I load the configuration in this way
var configuration = new ConfigurationBuilder()
.AddJsonFile("appsettings.json")
.AddJsonFile($"appsettings.{environmentName}.json", optional: true)
.AddEnvironmentVariables()
.Build();
CreateWebHostBuilder is this
public static IWebHostBuilder CreateWebHostBuilder(string[] args, IConfiguration config) =>
WebHost.CreateDefaultBuilder(args)
.ConfigureAppConfiguration((hostingContext) =>
{
//config.AddJsonFile("appsettings.json");
})
.UseStartup<Startup>()
.ConfigureLogging(
logging =>
{
logging.ClearProviders();
logging.SetMinimumLevel(Microsoft.Extensions.Logging.LogLevel.Trace);
})
.UseApplicationInsights() // Enable Application Insights
.UseNLog();
nlog.config contains
<extensions>
<add assembly="Microsoft.ApplicationInsights.NLogTarget" />
</extensions>
<targets>
<target type="ApplicationInsightsTarget" name="aiTarget" />
<target xsi:type="File" name="f" fileName="${basedir}/logs/${shortdate}.log"
layout="${longdate} ${uppercase:${level}} ${message}" />
</targets>
<rules>
<logger name="*" minlevel="Warn" writeTo="aiTarget" />
<logger name="*" minlevel="Warn" writeTo="f" />
</rules>
It seems to me that something is wrong in the configuration or the InstrumentationKey, but I don't know how to inspect it.
Any idea, or... is there any way to know how the application insights library is configured in order to find some useful info to solve the problem?
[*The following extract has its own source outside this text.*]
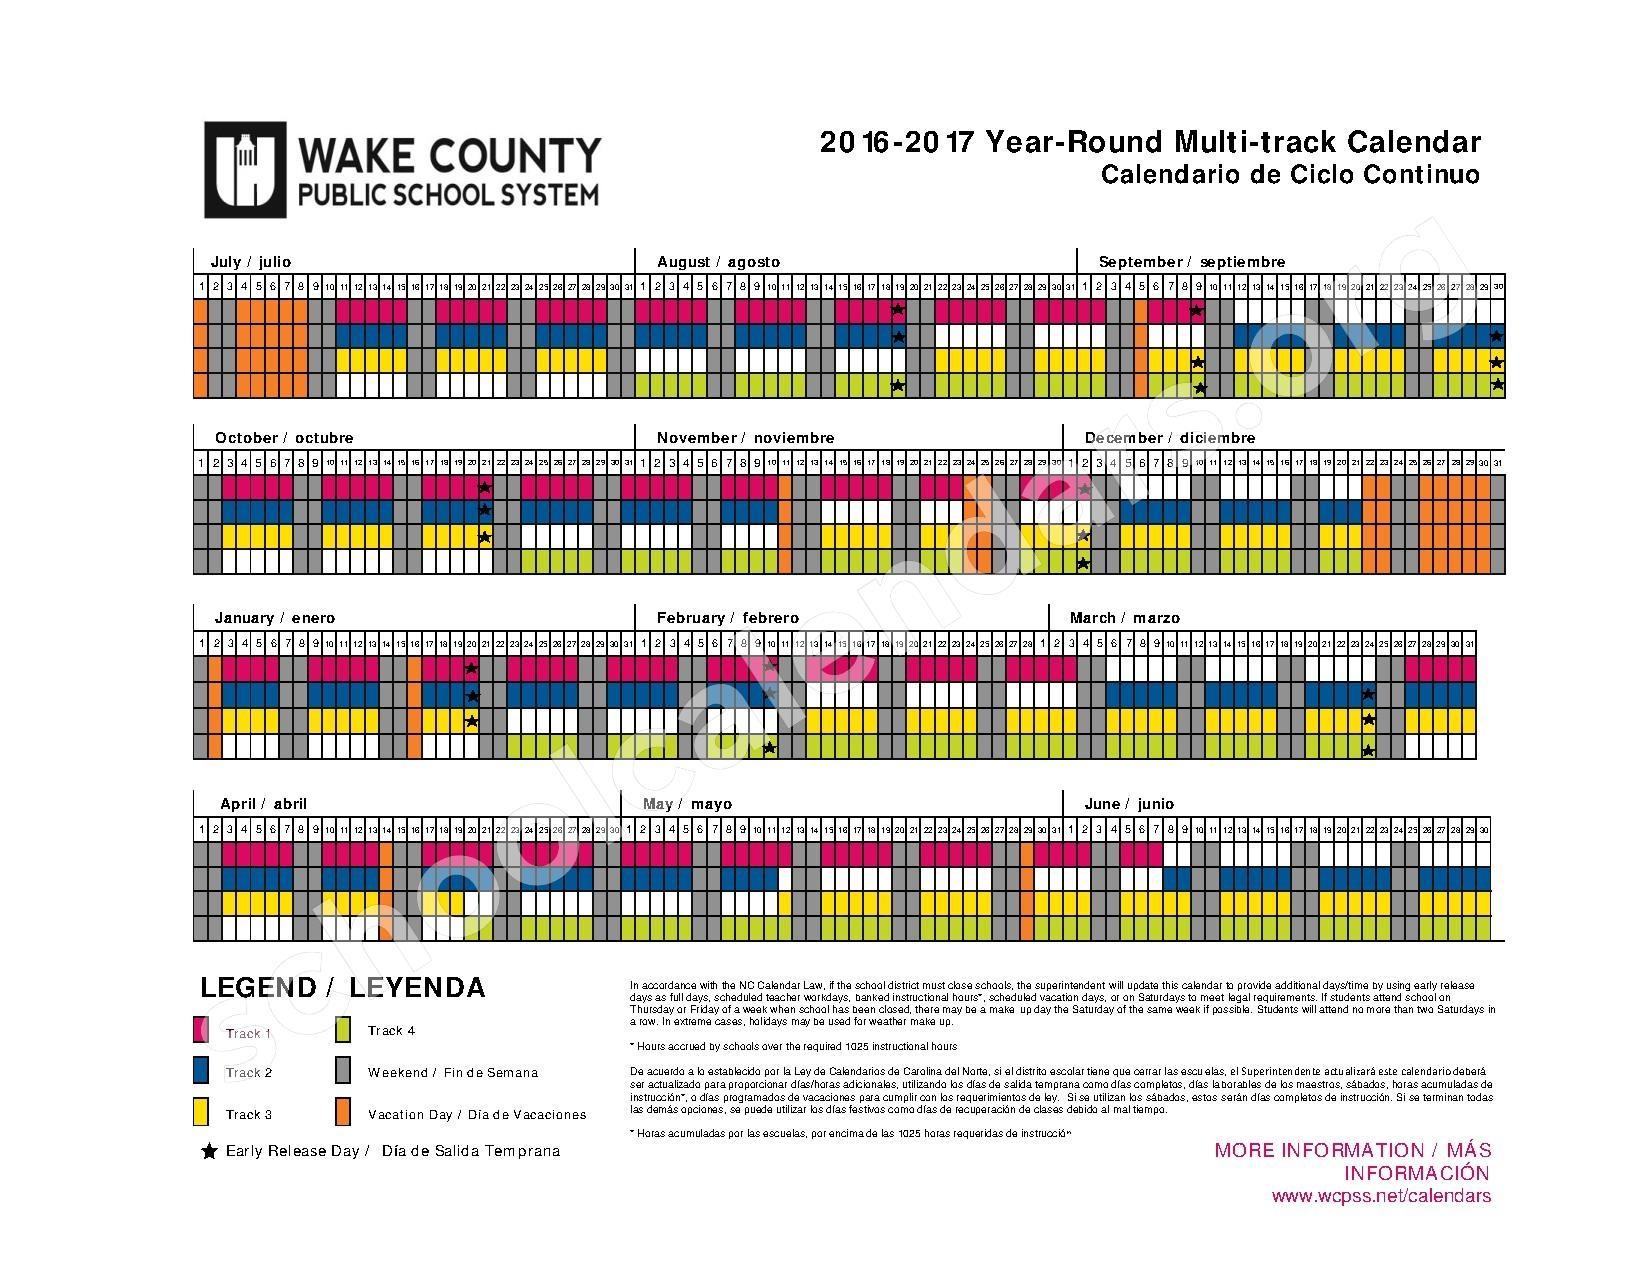 2016 2017 Year Round Calendar Wake County Public School System

I tried with the remote debugging but I have no idea of what inspect.

Based on your description, I think you have set another application insights key in azure portal -> your web application -> configuration-> application settings.
Please check if you did this or not:
If the key is there, you need remove it. Or put this line of code AddEnvironmentVariables() before the AddJsonFile(), like below:
var configuration = new ConfigurationBuilder()
.AddEnvironmentVariables() //put this before AddJsonFile()
.AddJsonFile("appsettings.json")
.AddJsonFile($"appsettings.{environmentName}.json", optional: true)
.Build();
Please let me know if you have more issues.